In this case the appellant did not contend that the title of the Act here involved violated the constitutional provision in stating, or in failing to state, the subject matter intended to be dealt with, or that there is anything in the Act inconsistent with, or not germane, to the subject matter mentioned in the title. His sole contention is that the Act is unconstitutional because it was made "a sub-section of a section that has nothing to do with, and is in no way related to the subject as shown in the body of the Act."

It is perfectly clear that the subject matter stated in the title, and that contained in the body of the Act, is identical, and not in the slightest degree susceptible of a charge that either the General Assembly, or the public, could be misled, or deceived, as to the exact purpose intended, and accomplished by the passage of the Act.

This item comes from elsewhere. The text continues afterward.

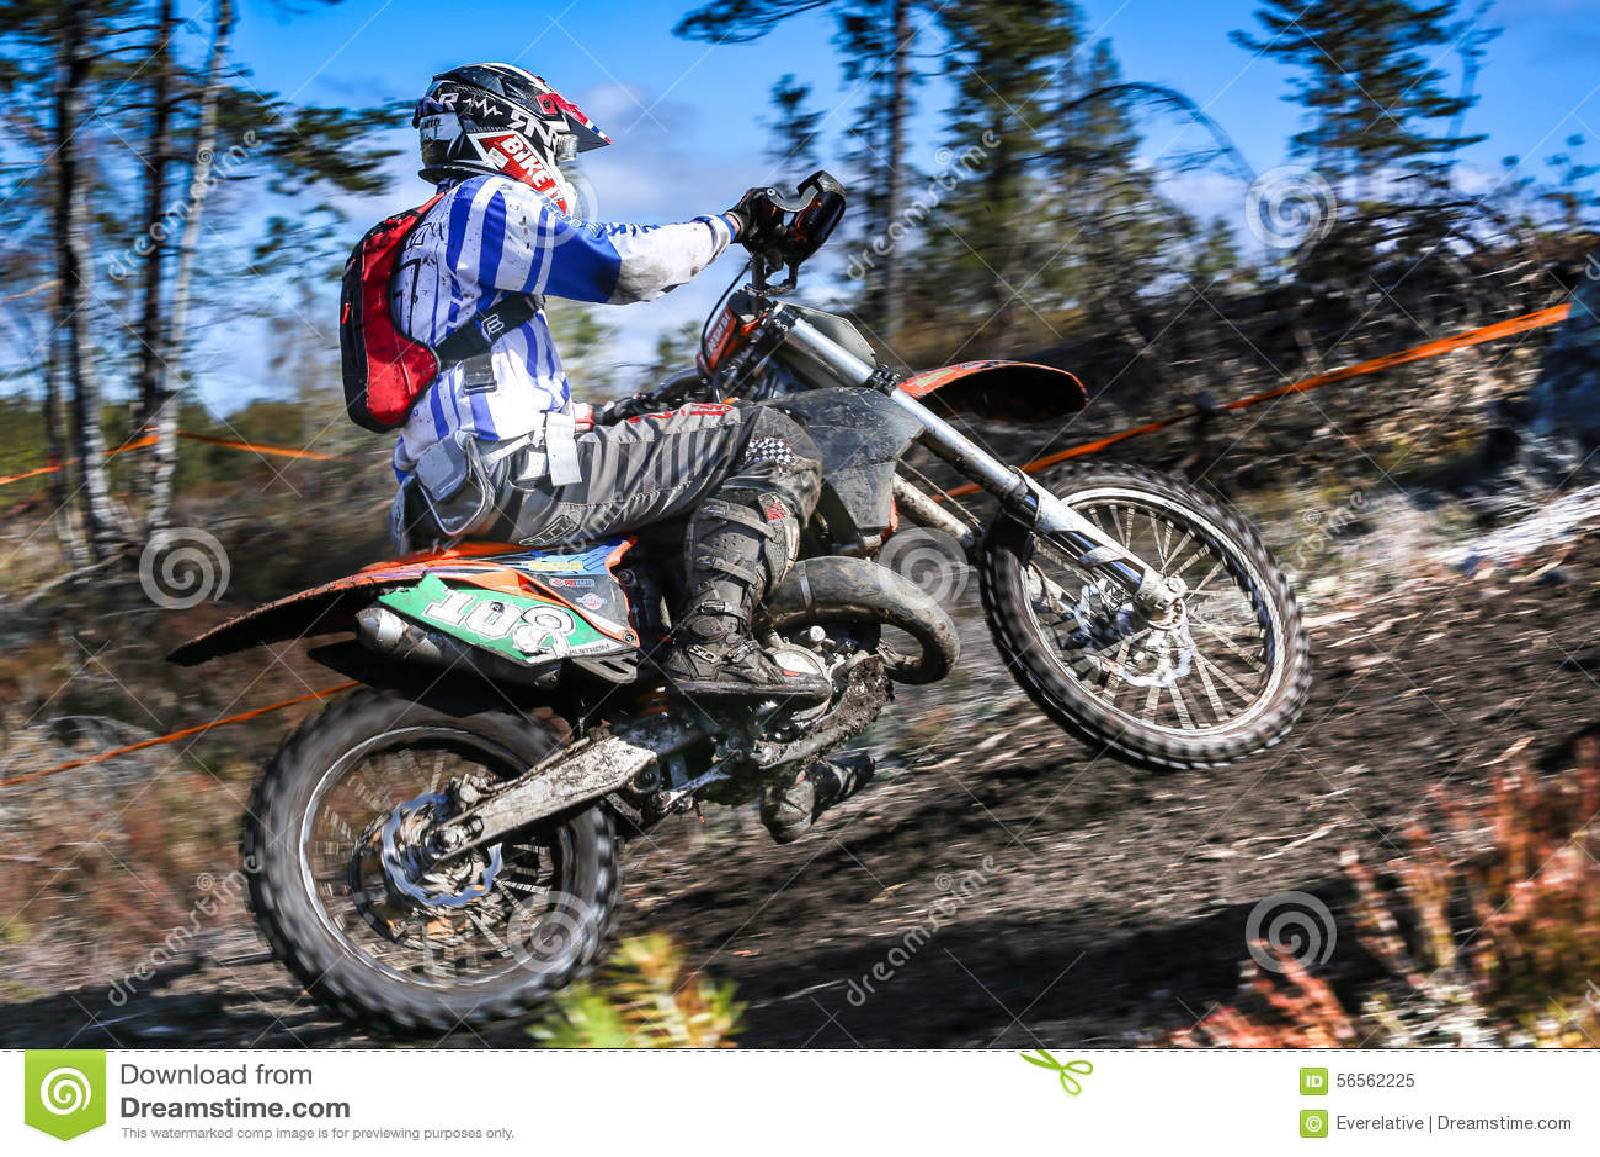 Download Αναβάτης Enduro στη μοτοσικλέτα του Εκδοτική εικόνα - εικόνα από διασκέδαση, αναβάτης: 56562225

The error in incorrectly assigning a wrong section number cannot have the effect of invalidating the Act. It is a short Act, containing but one section, and from the subject matter, easily can be placed in its proper place, as so often is necessary when the laws are recodified. Section numbers of an Act are no vital part of the Act itself, "and while of convenience for the purpose of orderly arrangement, or to facilitate the finding of a particular provision, they are not so essential that their omission or transposition ought to be permitted to set aside completely provisions in themselves clear an unambiguous."Levin v. Hewes, supra, 118 Md. 640, 86 A. 236; State v. BackusChevrolet Company, 170 Md. 309, 184 A. 160; Sutherland onStatutory Construction, Sec. 410. *Page 81

Appellant cited the case of State v. German Savings Bank,103 Md. 196, 63 A. 481, 482, in support of his contention that the statute involved in the instant case is invalid. But a careful study of that case will reveal that the defect found to exist in that case does not appear in the case here under consideration. In that case, the title stated a new section was to be added to Article 81, title "Revenue and Taxes," under the sub-title "Payment of Taxes by Corporations," the new section to follow section 81A, and to be designated section 81 B. But in the text of the Act it was referred to as Section 86 B, to follow Section 86A. It was very important, in that case, to state the exact section intended to be effected, because Section 86B amended Section 86A, and it was necessary to read the sections together to discover what change was intended, or effected. In the opinion in that case, this Court said: "We have then before us the question of the validity of an attempt to declare inoperative, as to a large number of corporations, the provisions of an important section of the Code by an Act whose title neither indicates its contents nor correctly mentions the section of the Code to be affected by it."

The case here presents an entirely different situation. The title and text of the Act are exactly in accord as to the subject matter of the legislation, and correctly designates the Article. The mere mistake of incorrectly designating the number, and place of the new Section, is not sufficient, under the authority herein cited, to invalidate the Act.

The order of July 22, 1941, sustaining the demurrer, and dismissing the bill of complaint, will be affirmed.